Последняя модель «Юности» стояла в углу и старательно была обмотана мокрыми тряпками, хотя это никому уже не было нужно. Кира Георгиевна сняла тряпки.

Скульптура ей не понравилась. Чего-то в ней не хватало. Все как будто на месте, а чего-то вот не хватает. Она прошлась по мастерской. Плохо, все плохо. И колхозница, и раненый солдат, и Барбюс, и девочка с голубем. Плохо, плохо, плохо… Ощущение было такое, будто она рассматривает что-то сделанное много-много лет назад, и не ею, а кем-то другим.

Понравилось ей только надгробие актрисы – очень низкий рельеф, профиль женщины на гладкой плите, и еще маленькая группка из пластилина – парень и девушка, сидящие на скамейке. Все же остальное казалось холодным, мертвым, придуманным. И вдруг стало жалко, что не кончила Катьку. Какая славная у нее мордашка была. Вообще, прав Николай Иванович: самое важное – это лицо… Без лица скульптуры нет. Поэтому так хорош Антокольский. В его лицах всегда мысль. В Киеве она долго стояла перед его Спинозой. Или гудоновский Вольтер со своей хитрой, лукавой улыбкой. Ей вспомнилась эта голова, глядевшая на нее с полуразвалившегося шкафа в алма-атинской берлоге Николая Ивановича, – при перевозке ее разбили и до сих пор никак не могли найти хорошую копию. Господи, как все это давно было…

Кира Георгиевна вытащила из сумки пачку сигарет, закурила – дома надо было всегда выходить в переднюю, – легла на диван, придвинула блюдечко, служившее пепельницей.
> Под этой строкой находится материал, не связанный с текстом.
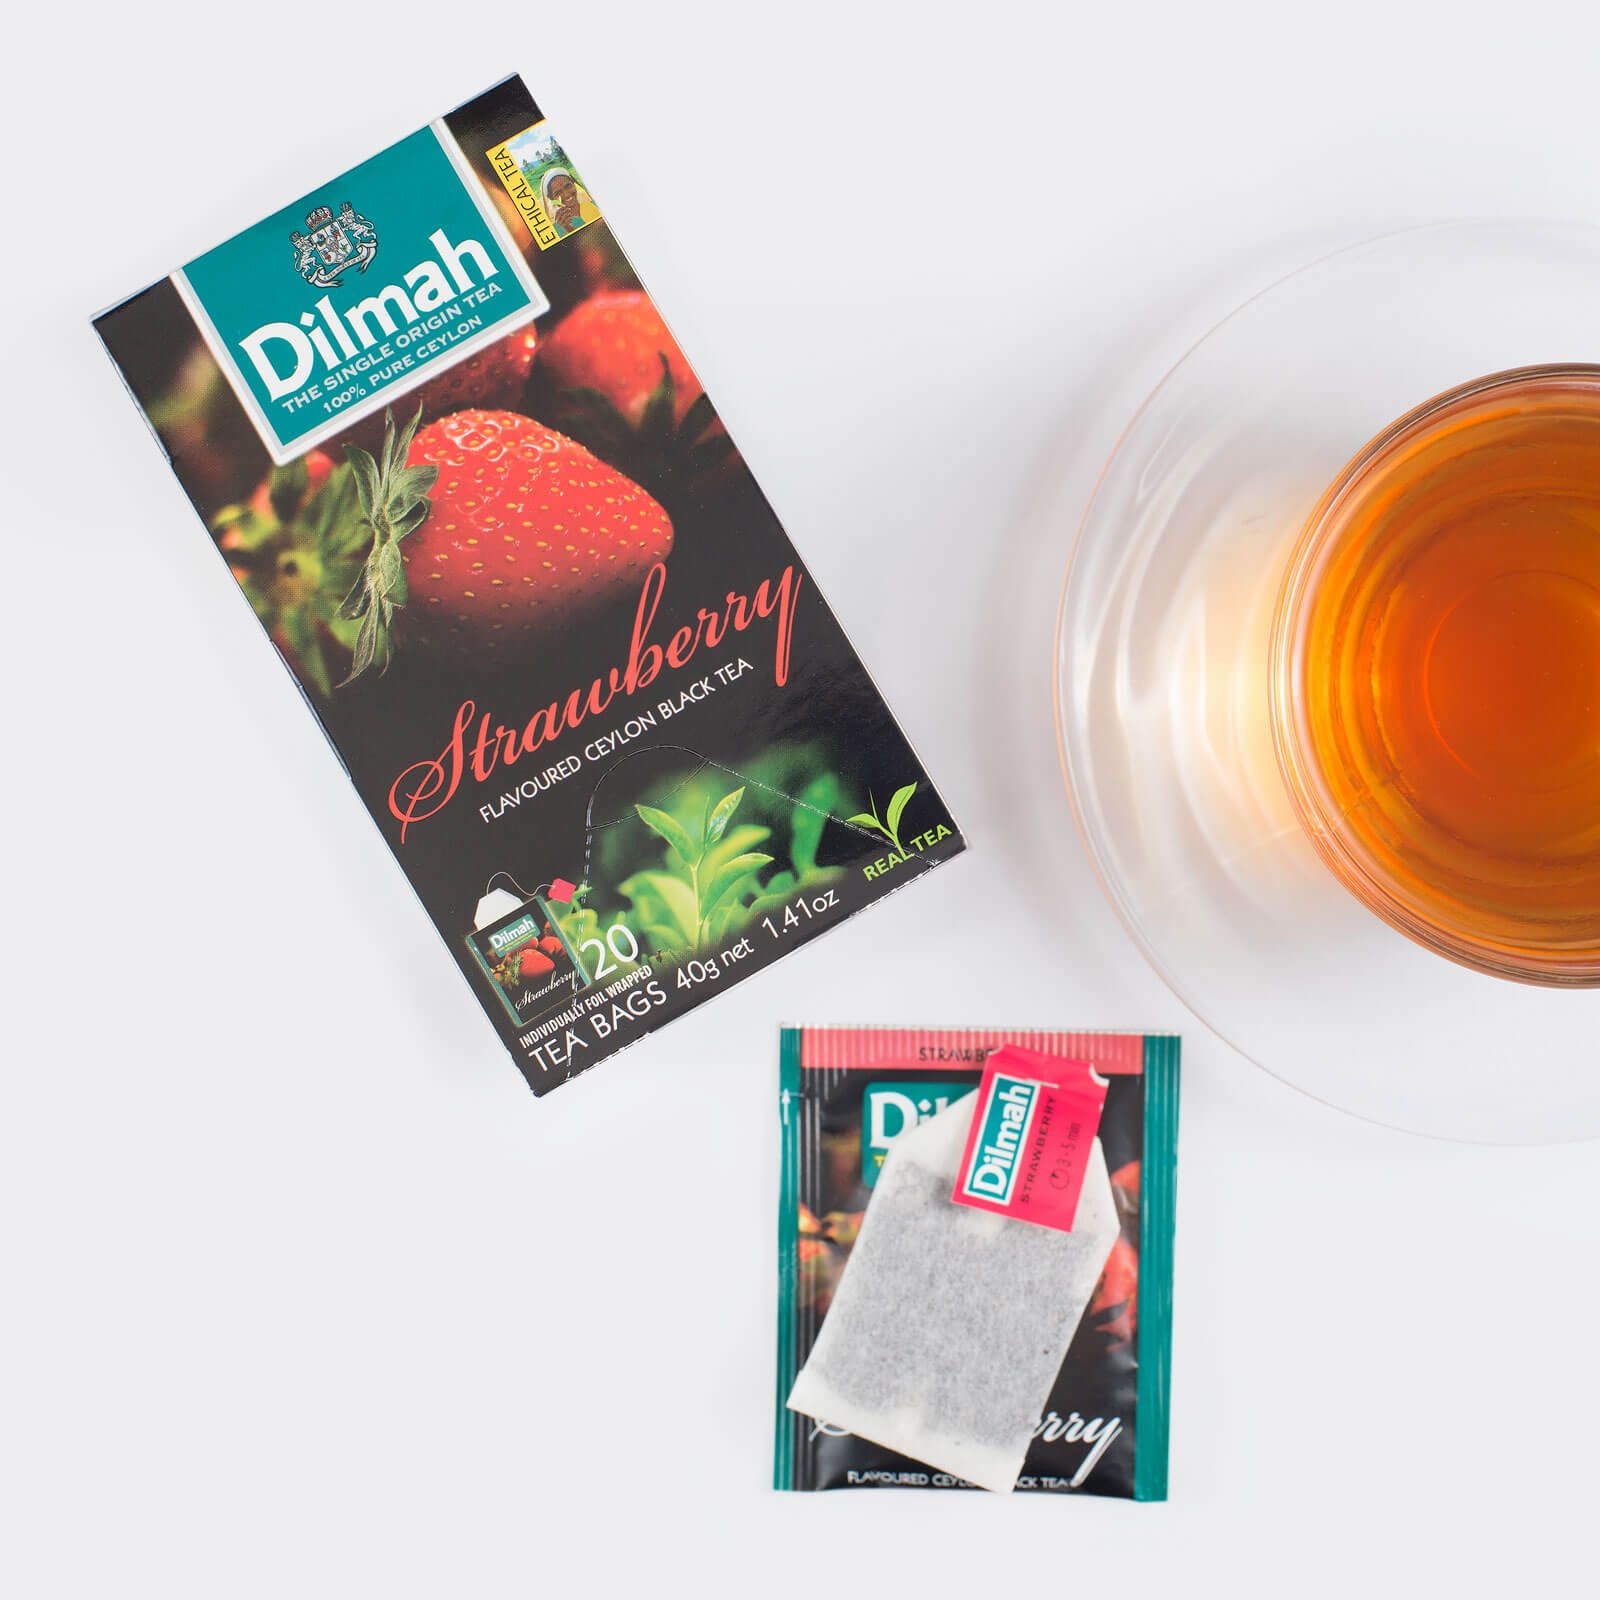 Dilmah Strawberry flavored Ceylon black tea

Вольтер… Спиноза… Мысль… Кира Георгиевна невольно взглянула на стоявшую в углу «Юность». Зажгла крохотную лампочку в черном колпачке, которой обычно пользовалась, когда ночевала в мастерской. Она любила этот свет. Он создавал какие-то неестественные тени, и скульптуры от этого становились непохожими на себя. Иногда даже лучше.

Свет от лампочки осветил грудь и слегка откинутую голову юноши. Ему все ясно, этому юноше, все понятно, даже те неведомые дали, в которые он устремил свой твердый, не знающий сомнений взгляд. Вадим как-то сказал: «Вот уж с кем мне не хотелось бы ни работать, ни пить, так это с этим твоим долдоном». Она тогда возмутилась: «Глупо и неостроумно».

Да, глупо и неостроумно, думала она сейчас, глядя на скульптуру и вспоминая тот разговор. Глупо и неостроумно, потому что дурацкими своими шутками Вадим пытается опровергнуть то светлое и праздничное, к чему она стремится в своем искусстве. Да, светлое и праздничное, она не боится этих слов. Пусть ее скульптура не во всем удалась, это другой вопрос, она сама это видит, но разве дело тут в том, к чему она шла? Чепуха! Вадим упрям как осел. Он не хочет понять, что искусство – это, в конце концов, праздник и что большой, настоящий художник должен уметь в жизни увидеть и впитать из нее все здоровое, светлое, радостное. Упаси бог втянуться в повседневное – утонешь. В том и сила всякого передового искусства, что оно умеет отбрасывать все мелкое, заслоняющее, путающееся в ногах. Жизнь сложна, и художник не имеет права поддаваться ей. Потому-то великие мастера и стали великими, что умели в своем творчестве возвышаться над жизнью. В конце концов, совершенно безразлично, каким в жизни был Вагнер или Микеланджело (они были и такими и сякими), – важно, что они создали великое искусство…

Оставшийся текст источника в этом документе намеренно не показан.